Currently, segmentation processing of welding images is mainly divided into traditional image processing algorithms and machine learning methods. Many traditional image processing methods can extract weld feature stripes by filtering the image and then designing an image thresholding segmentation algorithm for a specific scene. Ye et al. [
2] proposed an open operation and OSTU algorithm approach to the noise reduction processing of weld images to obtain accurate data of the weld seam. Shao et al. [
3] used an acousto-optic modulator (AOM) to modulate the intensity of structured light and then used Fourier transform to filter out noise interference in the frequency domain. Zou et al. [
4] used morphological methods and Gaussian kernel correlation algorithms to obtain the position of the feature points before and after welding, respectively. Although these traditional algorithms are fast, they are highly specific to the application and are not suitable for heavily disturbed welding images.
In recent years, deep learning techniques have become more mature, and semantic segmentation allows for the pixel-level classification of images.

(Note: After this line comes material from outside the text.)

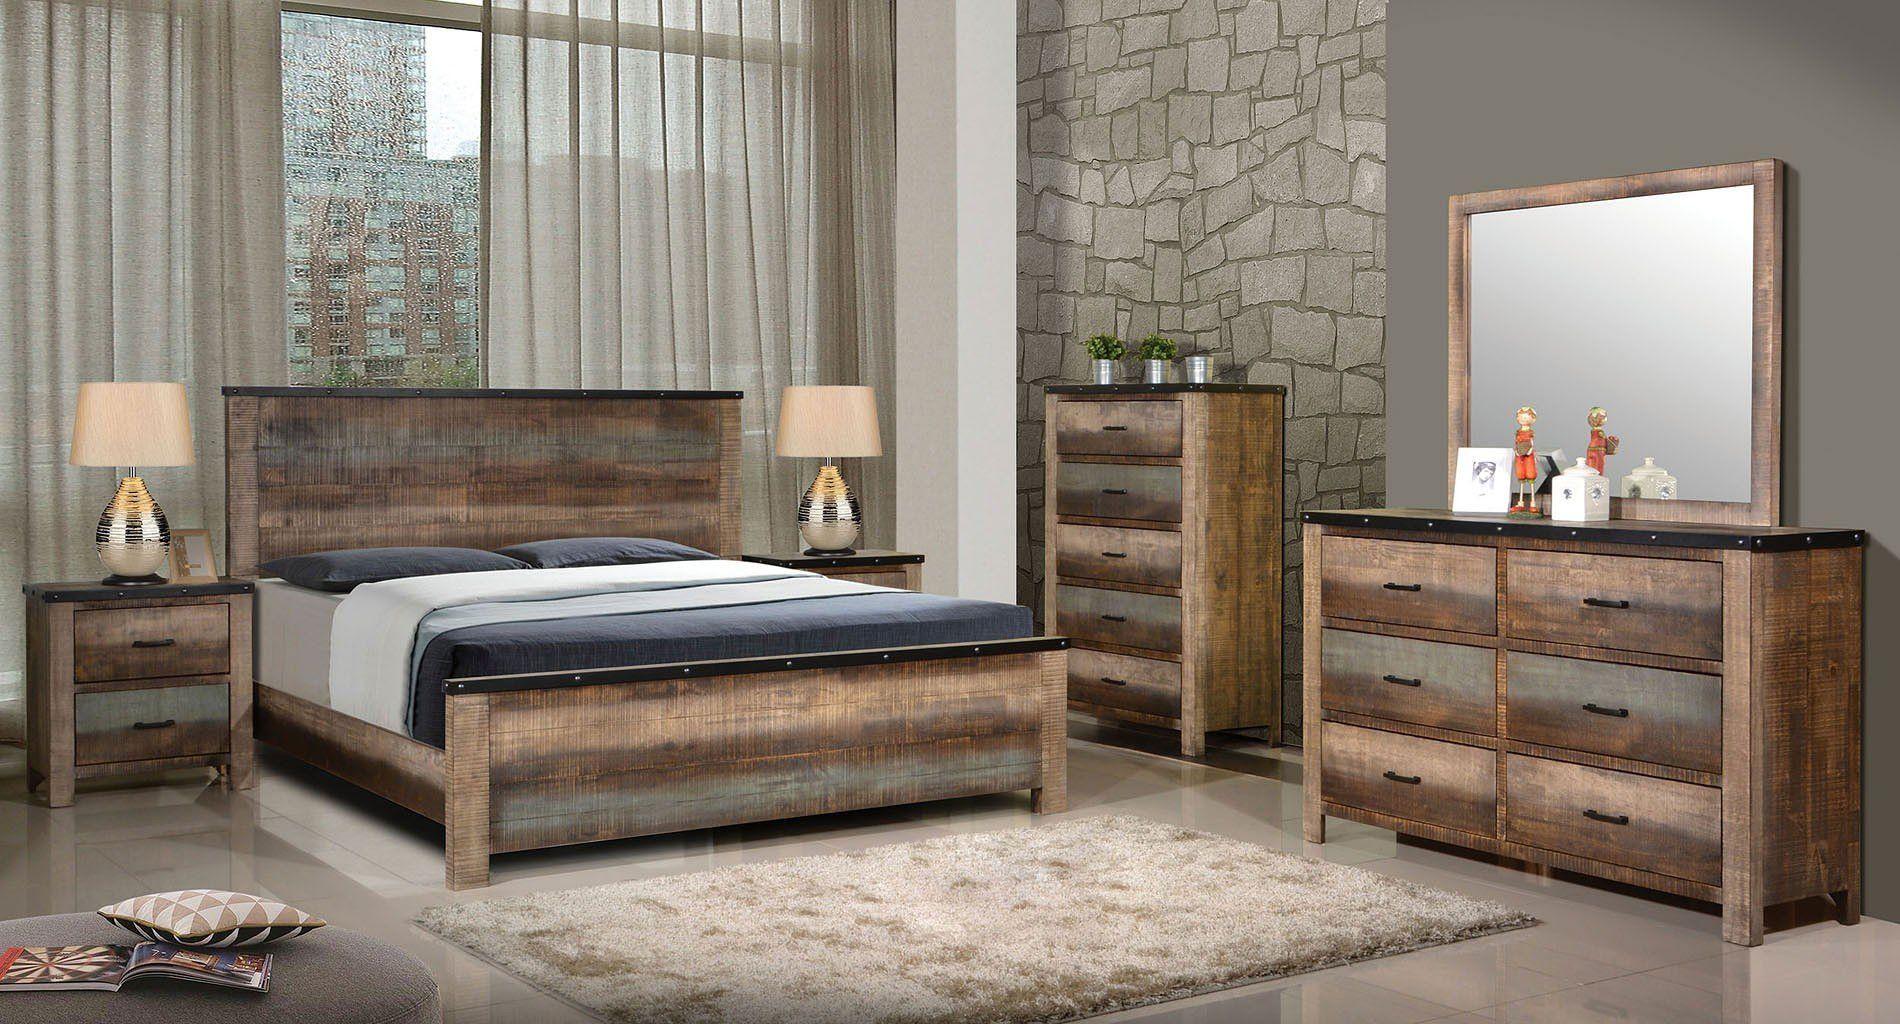 Sembene Panel Bedroom Set in 2020 Bedroom sets, King
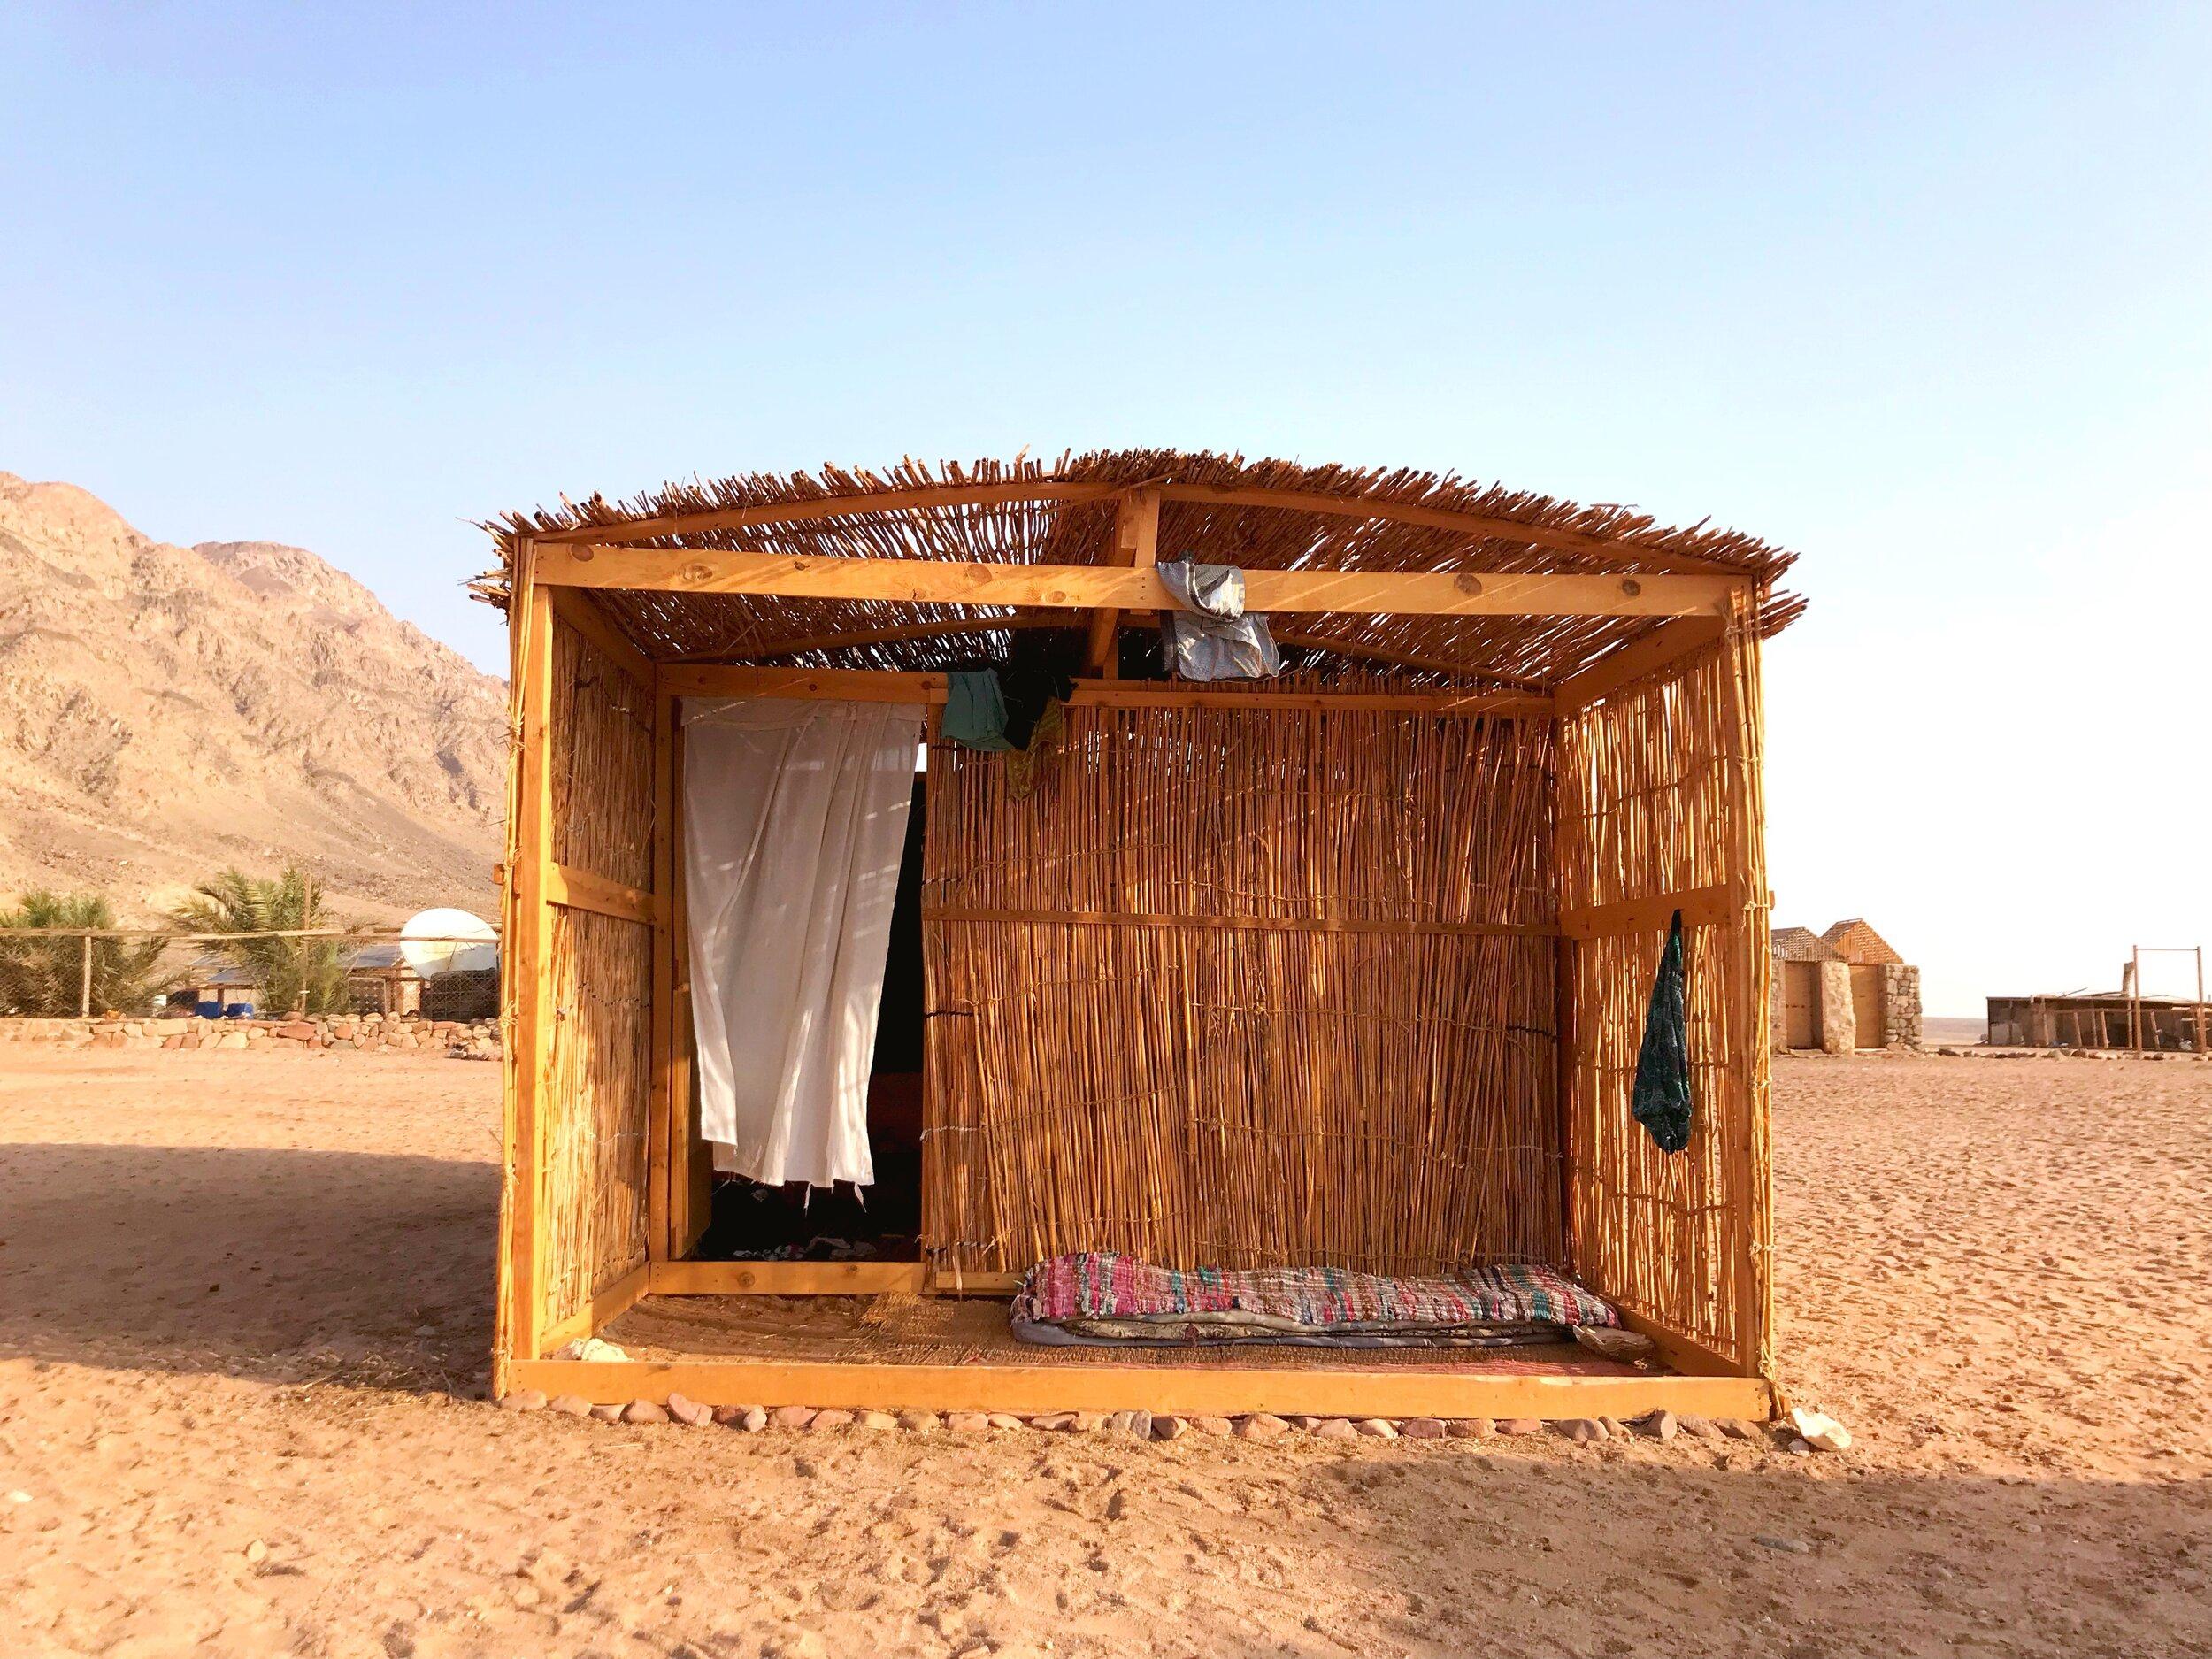 sinai-camp-egypt-family-travel-blogger-negra-bohemian

The development and widespread use of convolutional neural networks have enabled them to perform well in segmentation tasks, and their segmentation accuracy for complex tasks has surpassed that of traditional processing methods. Zhao et al. [
5] used ERF-Net and a regression algorithm to extract weld feature points from a strongly disturbed background with an offset error of less than 0.25 mm from the manually annotated weld position. Zou et al. [
6] proposed a method based on conditional generative adversarial networks to achieve the restoration of strongly disturbed weld images, and the final error of the method was stable within 0.2 mm. In the laser welding streak segmentation task in this paper, the acquired images are also heavily disturbed, so for the choice of method for the segmentation task, it is more appropriate to use a convolutional neural network. However, because of the real-time requirements of the welding task, there is a trade-off between segmentation speed and segmentation accuracy in the selection of a semantic segmentation network. In the actual welding work site, the computing power and memory size of the working machine are limited, and it is impossible to have the graphics processing unit (GPU) resources of a laboratory-level workstation. Excessive reduction in the parameters of the model or a reduction in network computation will result in a decrease in the segmentation accuracy, resulting in failure to extract weld feature points.
The main contributions of the work in this paper are as follows: (a) a tracking module in the weld tracking system was designed to capture images of the weld site, and (b) a semantic segmentation network is proposed for complex and disturbed weld images. The segmentation network designed in this study can segment laser welding seam feature stripes more quickly and accurately in complex and disturbed welding images, creating conditions for the subsequent development of a weld seam tracking system based on deep learning. This is of great significance and reference value for the practical application of proven deep learning techniques to the laser welding field.
3. Design of a Segmentation Network
ERF-Net [
7] is a semantic segmentation network with excellent performance and was proposed by Eduardo Romera. After extensive research, an encoder–decoder architecture was adopted and stacked using 1D convolutional layers with residual connections to solve the model degradation problem and reduce the computational cost. At the beginning of the design, the network architecture makes a good trade-off between segmentation efficiency and segmentation quality. Finally, the segmentation speed and segmentation accuracy are better than most similar networks. Due to its excellent performance, the Pytorch version of this network has been commercially adopted and is no longer open source. However, in the application of weld seam feature extraction, the network still needs to be improved. Therefore, the semantic segmentation network designed in this work learns the core convolution module of ERF-Net, that is, the 1D convolution block and residual connection structure. On this basis, lightweight improvements were made, and measures such as an attention mechanism were introduced to further improve the segmentation accuracy.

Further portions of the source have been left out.